(Collected material begins)

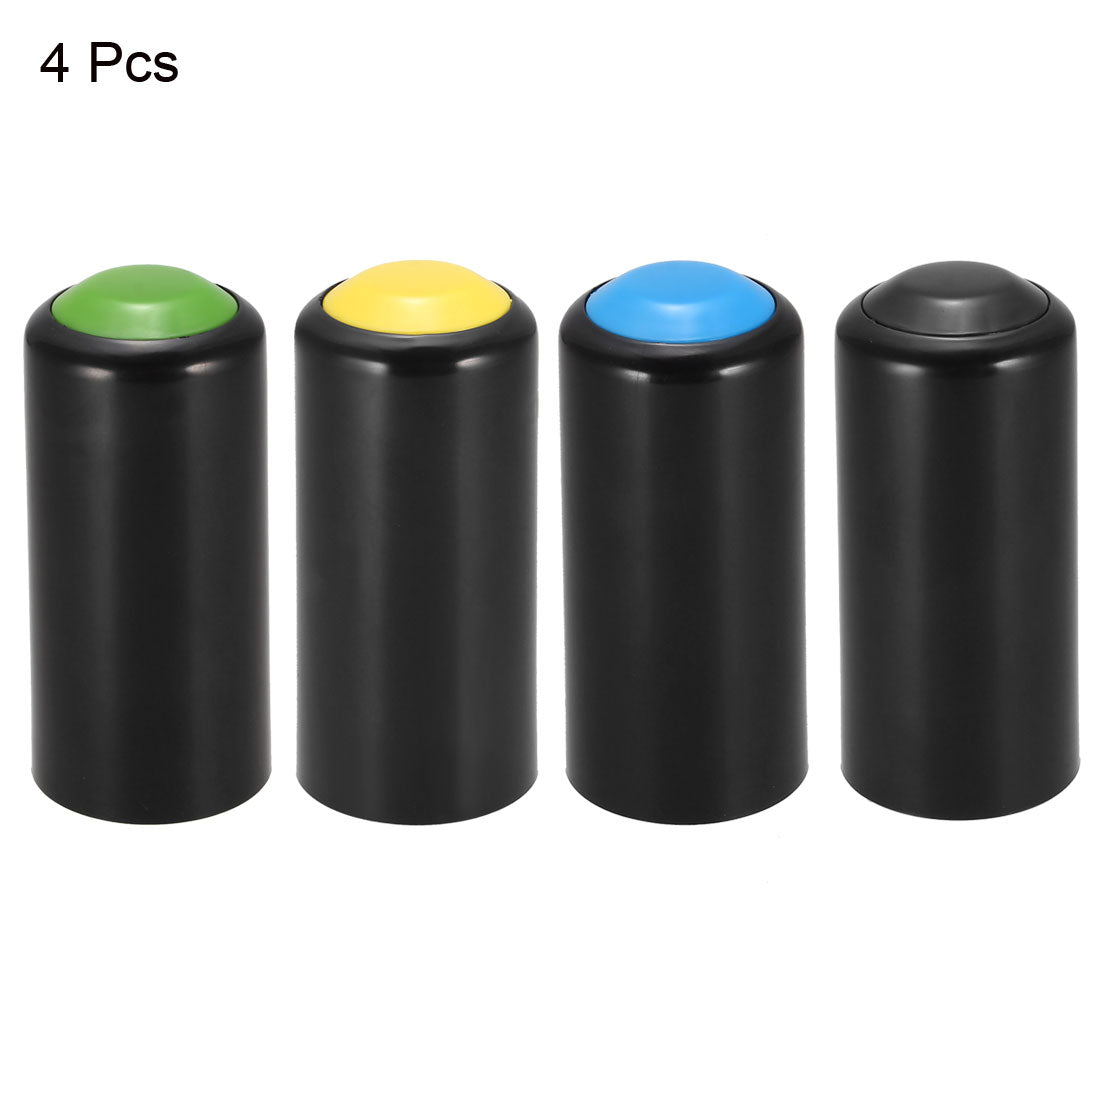 uxcell Uxcell Battery Cover Mic Battery Screw on Cap Cup Cover for PGX24 SLX24 PG58 SM58 BETA58 Wireless 4 Color 4Pcs
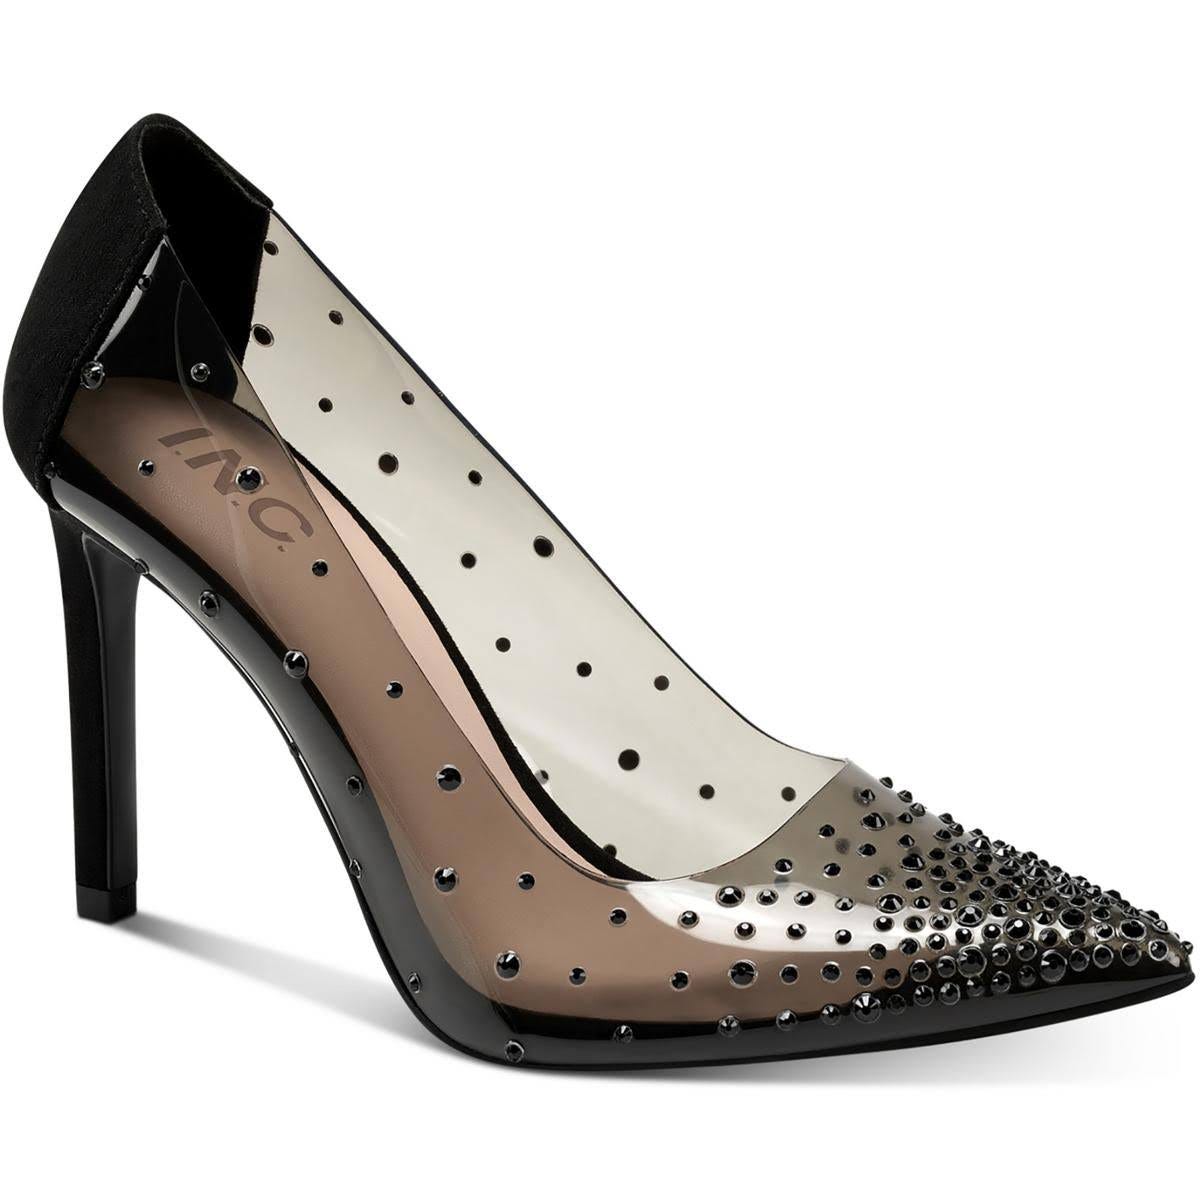 Sparkly Black Pump with Insole Padding | Image
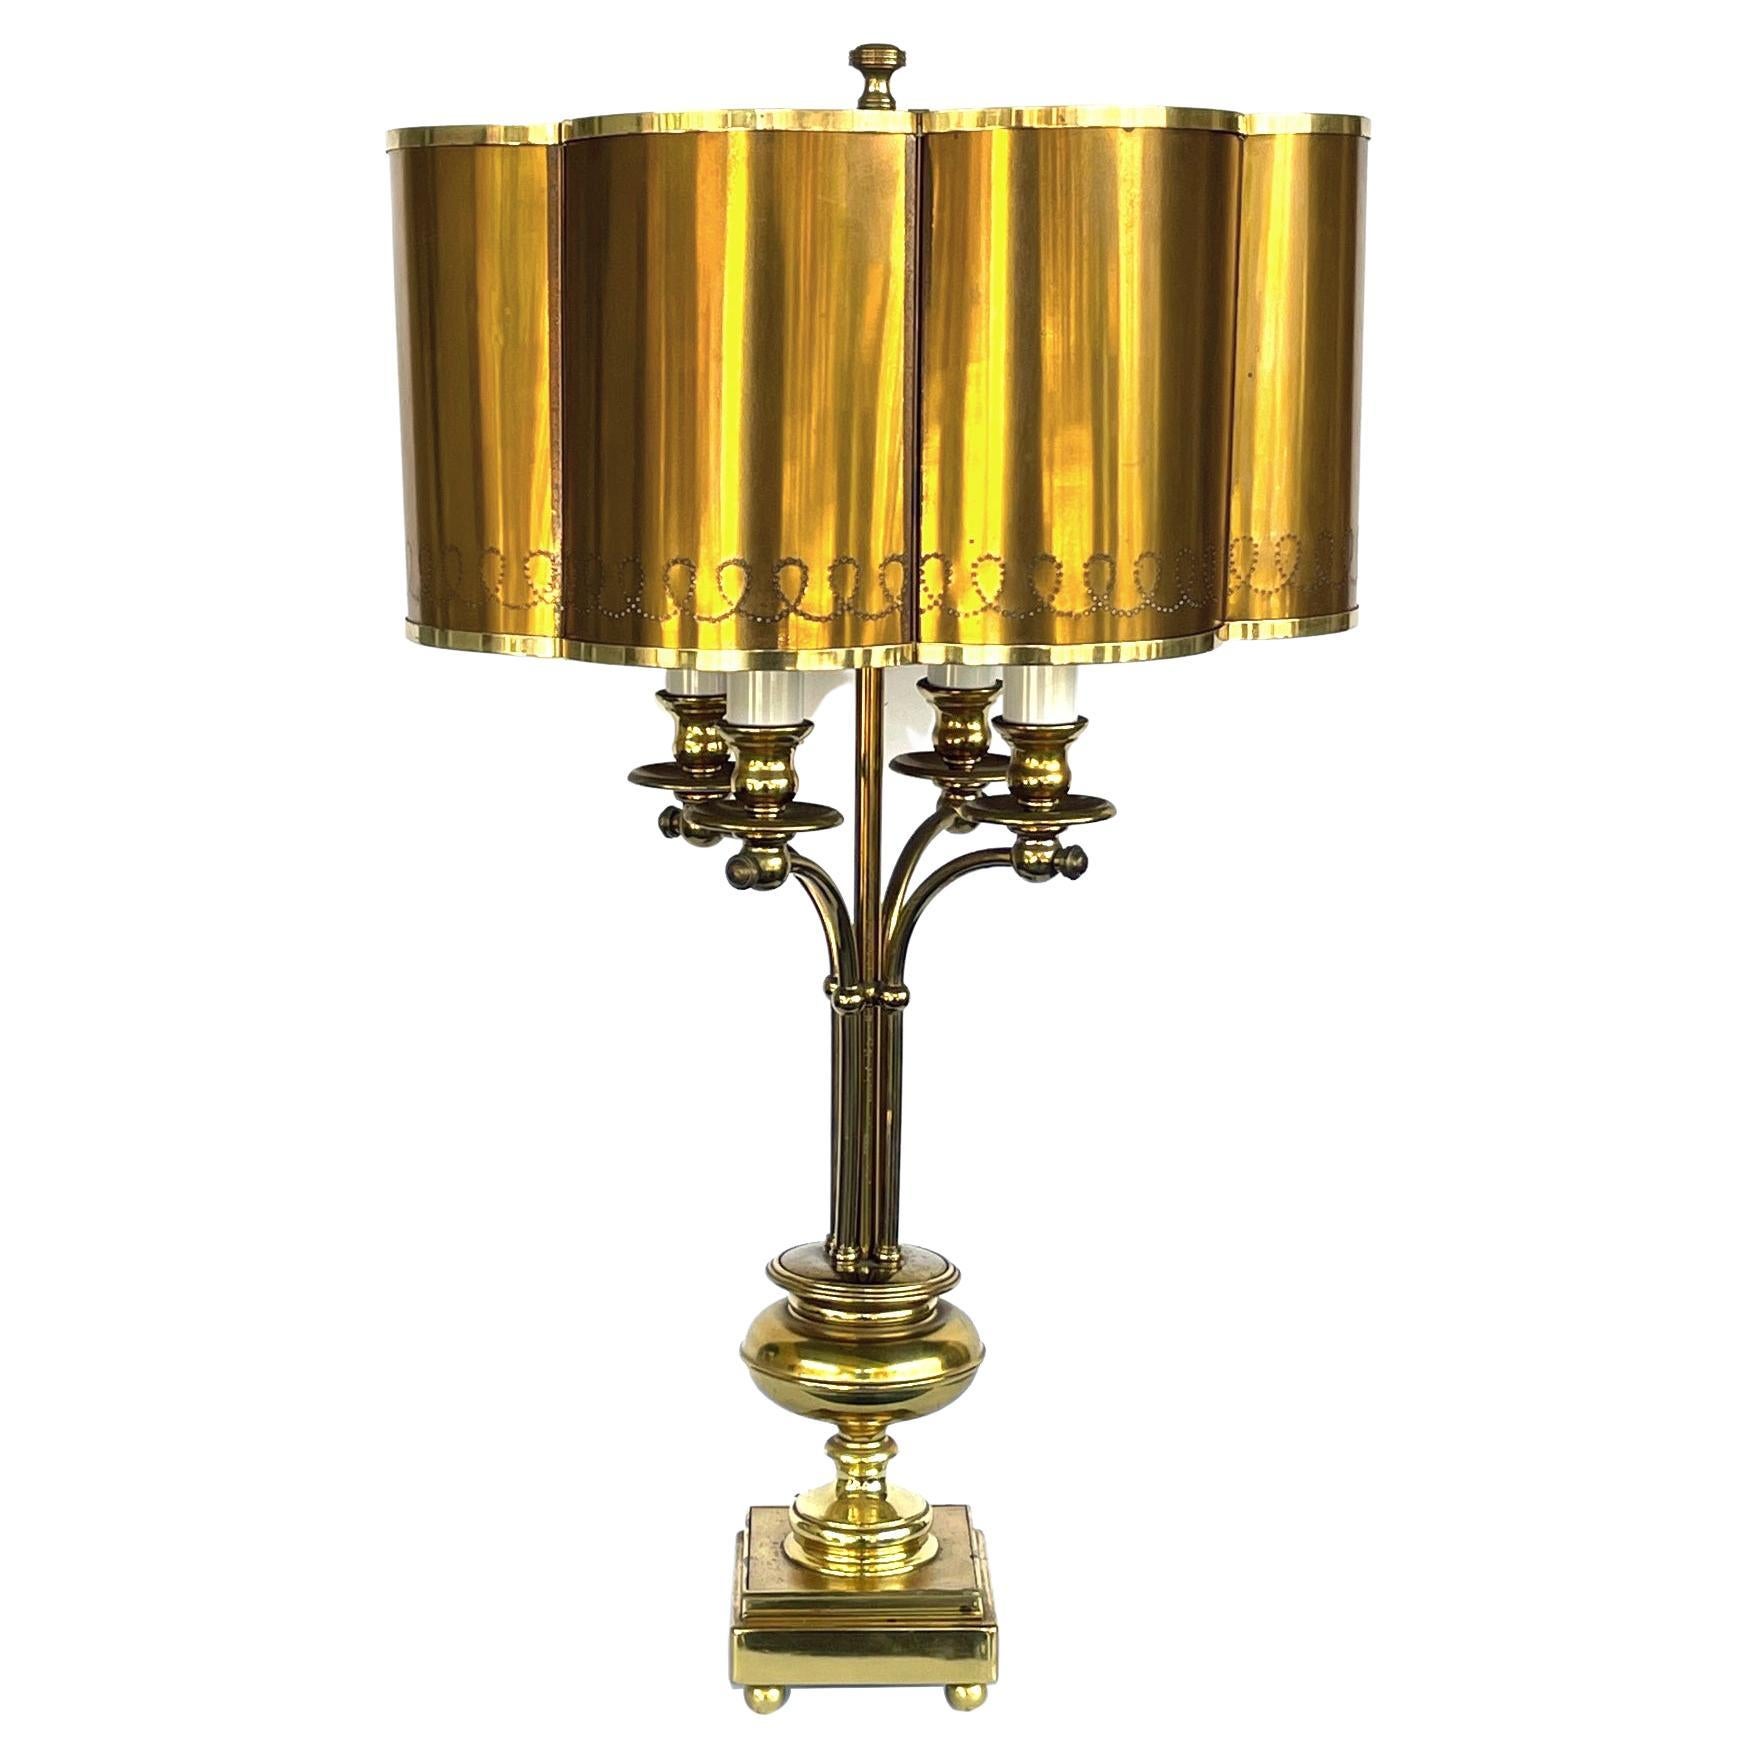 French Brass 4-Light Bouillotte Lamp with Original Scalloped Brass Shade

(Collected material ends)

**What is required:** The material above must be set down word for word, with no picture carried over.

**Answer box:**
 uxcell Uxcell Battery Cover Mic Battery Screw on Cap Cup Cover for PGX24 SLX24 PG58 SM58 BETA58 Wireless 4 Color 4Pcs
 Sparkly Black Pump with Insole Padding | Image
 French Brass 4-Light Bouillotte Lamp with Original Scalloped Brass Shade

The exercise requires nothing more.